Patients in that PDOs show highest response to this drug in-vitro will be treated with Mitomycin.

Drug: Mitomycin

Gemcitabine

EXPERIMENTAL

Patients in that PDOs show highest response to this drug in-vitro will be treated with Gemcitabine.

Drug: Gemcitabine

Docetaxel

EXPERIMENTAL

Patients in that PDOs show highest response to this drug in-vitro will be treated with Docetaxel.

Drug: Docetaxel

Interventions

Epirubicin DRUG

In PDOs from patients that show highest response to Epirubicin, this drug will be instilled intravesically once weekly for 6 times. Epirubicin is also the default drug, in case of failure of drug prediction in the in-vitro drug screen in PDO. Epirubicin will be used as a concentrate for injection/instillation 2 mg/ml in total 50mg per vial. Prior to use, the concentrate for injection is diluted with 25ml of 0.9% saline solution to obtain the final Solution with 1mg/ml of Epirubicin.

Epirubicin

Mitomycin DRUG

In PDOs from patients that show highest response to Mitomycin, this drug will be instilled intravesically once weekly for 6 times. Mitomycin C will be used as 20mg dry powder. Prior to use, the powder will be dissolved in 50ml of 0.9% saline solution according to the manufacturer instructions

Mitomycin

Gemcitabine DRUG

In PDOs from patients that show highest response to Gemcitabine, this drug will be instilled intravesically once weekly for 6 times. Gemcitabine will be used as 2000 mg/50ml. For intravesical application, 1000mg of gemcitabine (corresponding to 25ml) will be diluted in 25ml 0.9% saline solution, to obtain the gemcitabine concentration of 1000mg/50ml used for instillation.

Gemcitabine

Docetaxel DRUG

In PDOs from patients that show highest response to Docetaxel, this drug will be instilled intravesically once weekly for 6 times. Docetaxel will be used as 140mg/7ml solution. For intravesical application, 48.825ml of saline will be added to 1.875ml Docetaxel solution (according 37.5mg of Docetaxel).

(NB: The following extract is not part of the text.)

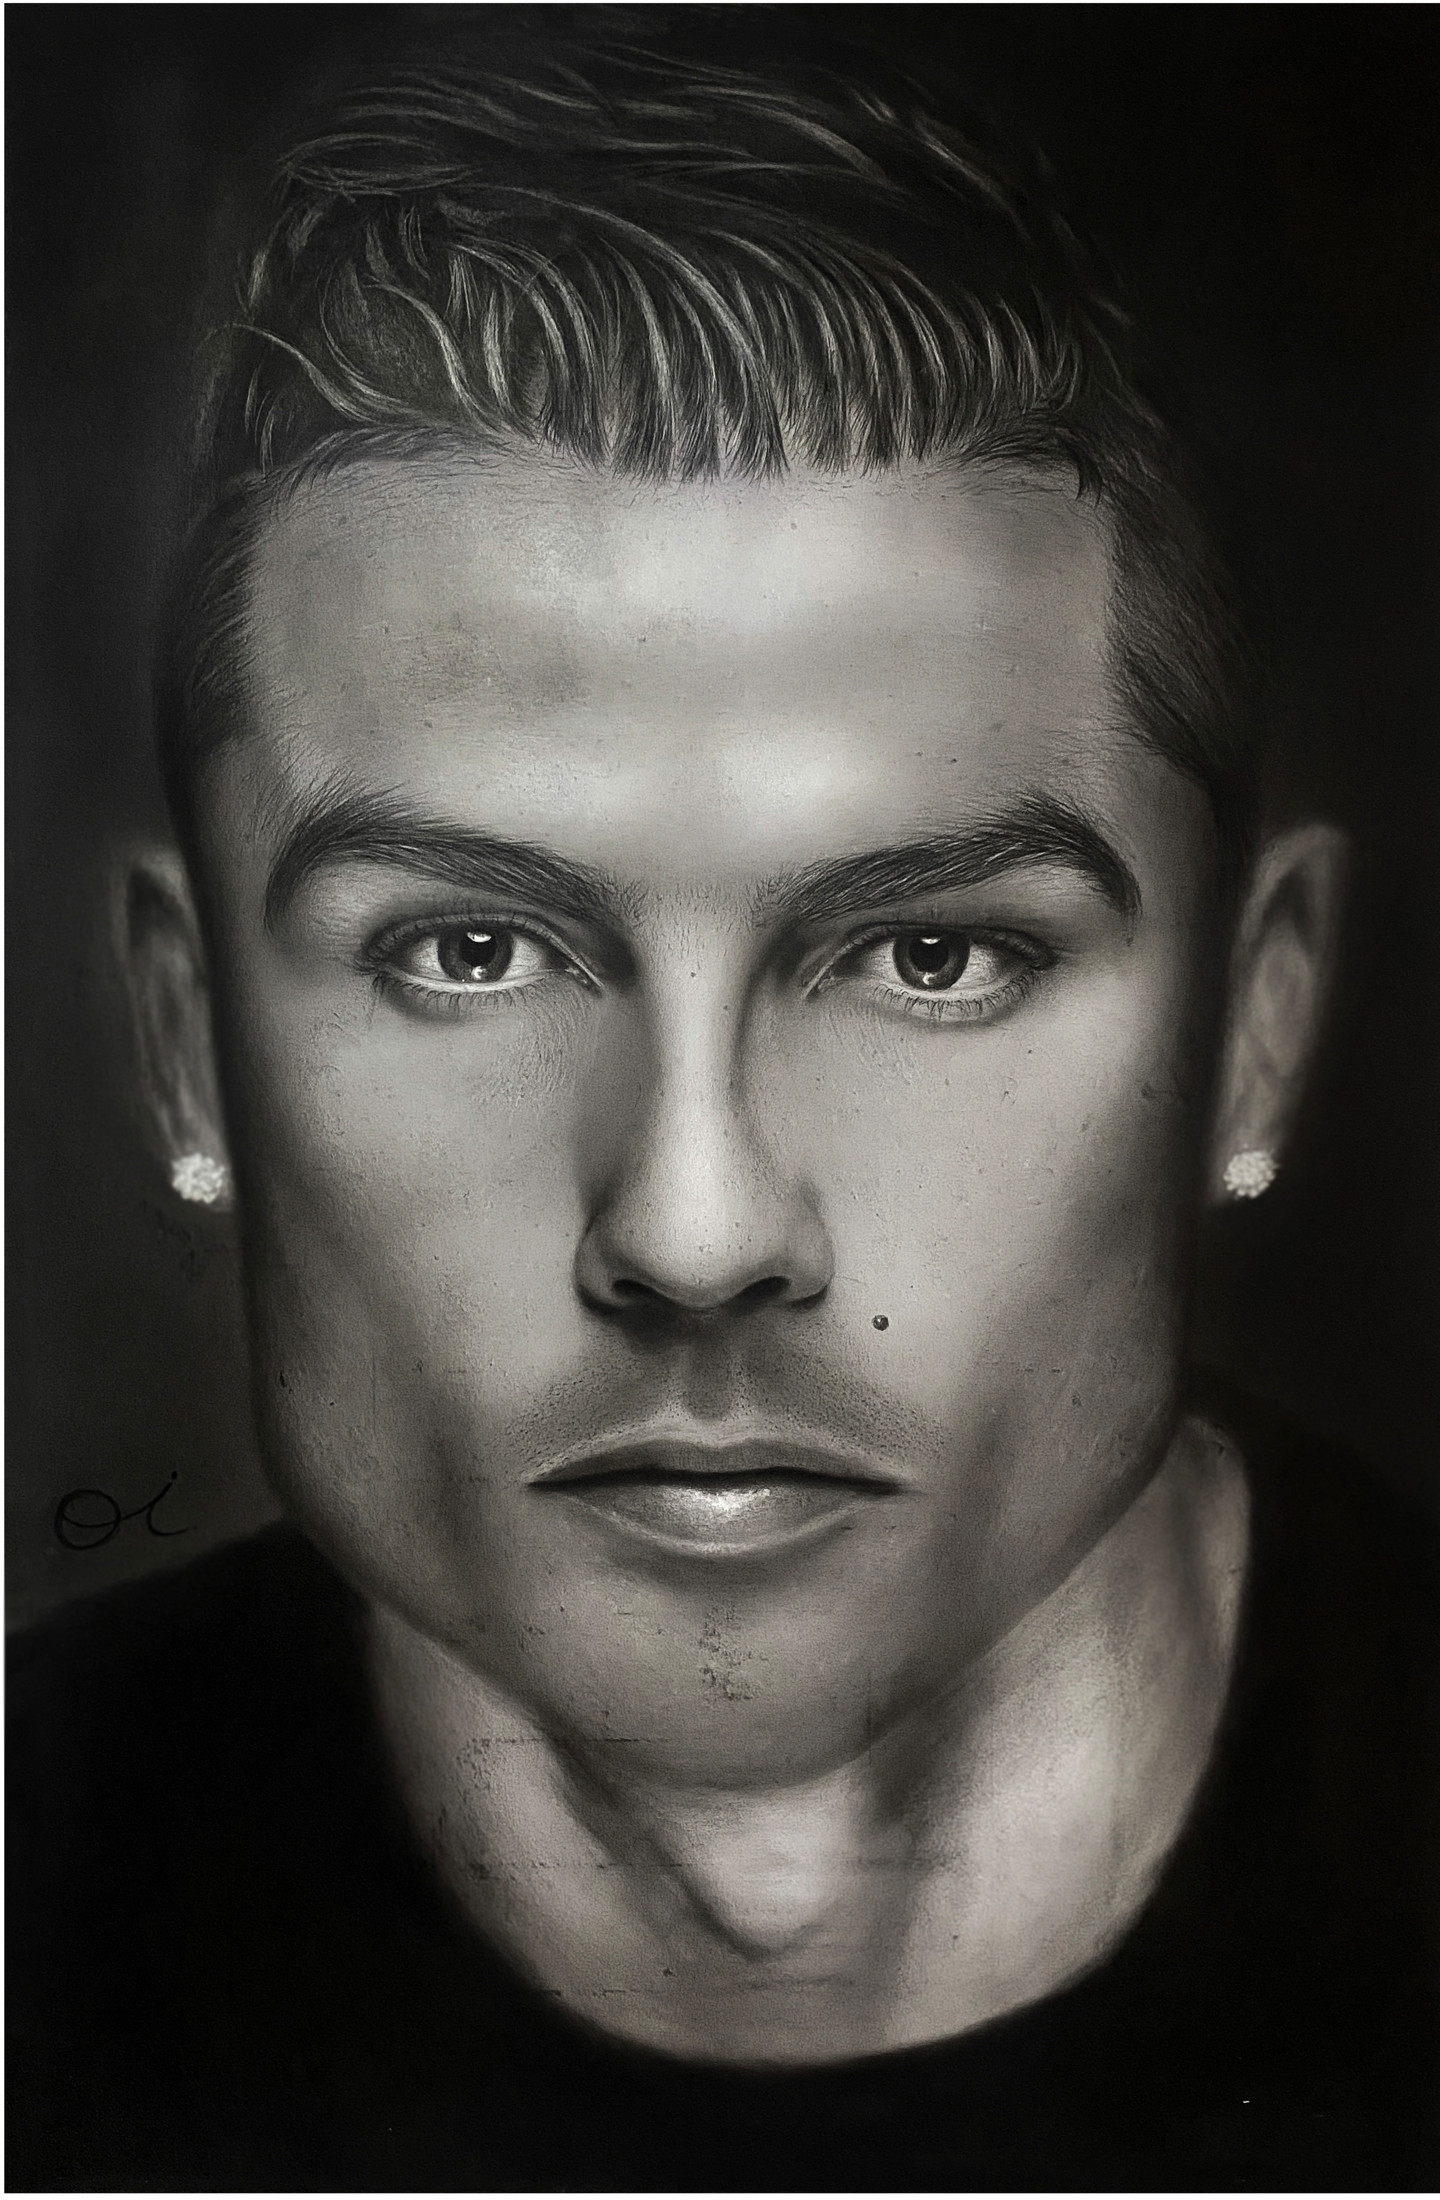 Hãy chiêm ngưỡng một bức tranh vẽ tuyệt đẹp về Cristiano Ronaldo, ngôi sao bóng đá hàng đầu của chúng ta. Các chi tiết được thể hiện một cách chân thật và sinh động, chắc chắn sẽ làm bạn ngất ngây!

The concentration of this solution is 0.74mg/ml by a total volume of the instillation solution of 50,7.

Docetaxel

Eligibility Criteria

• Age: 18 Years+
• Sex: all
• Healthy Volunteers: No
• Age Groups: Adult (18-64), Older Adult (65+)

You may qualify if:

• Age ≥ 18 years
• Signed Informed Consent Form
• ECOG performance status of 0 or 1
• Histologically confirmed intermediate risk non muscle-invasive urothelial carcinoma of the bladder (pTa low grade) Patients
• Representative fresh tumor specimen for PDO generation and drug screen

You may not qualify if:

• Known previous high grade and/or high risk non muscle-invasive bladder cancer
• Previous Intravesical biological/immuno (BCG) therapy
• Pregnancy or nursing
• Evidence of significant uncontrolled concomitant disease that could affect compliance with the protocol
• Severe infection within 4 weeks prior to cycle 1, day 1
• Contraindication for frequent catheterization
• Voiding dysfunction
• Pregnancy or nursing
• Female subject of childbearing potential who is unwilling to use acceptable method(s) of effective contraception during study treatment and through 6 months after the last treatment.
• Male subject who is unwilling to use acceptable method of effective contraception during IP treatment and through 6 months after the last dose of IP.

Sponsors & Collaborators

• Roland Seiler-Blarer: lead
• University of Bern: collaborator
• Hospital Centre Biel/Bienne: collaborator

Study Sites (1)

Spitalzentrum Biel/Bienne

Biel, 2501, Switzerland

RECRUITING

Related Publications (1)

• Seiler R, Egger M, De Menna M, Wehrli S, Minoli M, Radic M, Lyatoshinsky P, Hosli R, Blarer J, Abt D, Kruithof-de Julio M. Guidance of adjuvant instillation in intermediate-risk non-muscle invasive bladder cancer by drug screens in patient derived organoids: a single center, open-label, phase II trial. BMC Urol. 2023 May 11;23(1):89. doi: 10.1186/s12894-023-01262-1.

  PMID: 37170307 DERIVED

MeSH Terms

Conditions

Urinary Bladder Neoplasms

Interventions

Epirubicin; Mitomycin; Gemcitabine; Docetaxel

Condition Hierarchy (Ancestors)

Urologic Neoplasms; Urogenital Neoplasms; Neoplasms by Site; Neoplasms; Female Urogenital Diseases; Female Urogenital Diseases and Pregnancy Complications; Urogenital Diseases; Urinary Bladder Diseases; Urologic Diseases; Male Urogenital Diseases

Intervention Hierarchy (Ancestors)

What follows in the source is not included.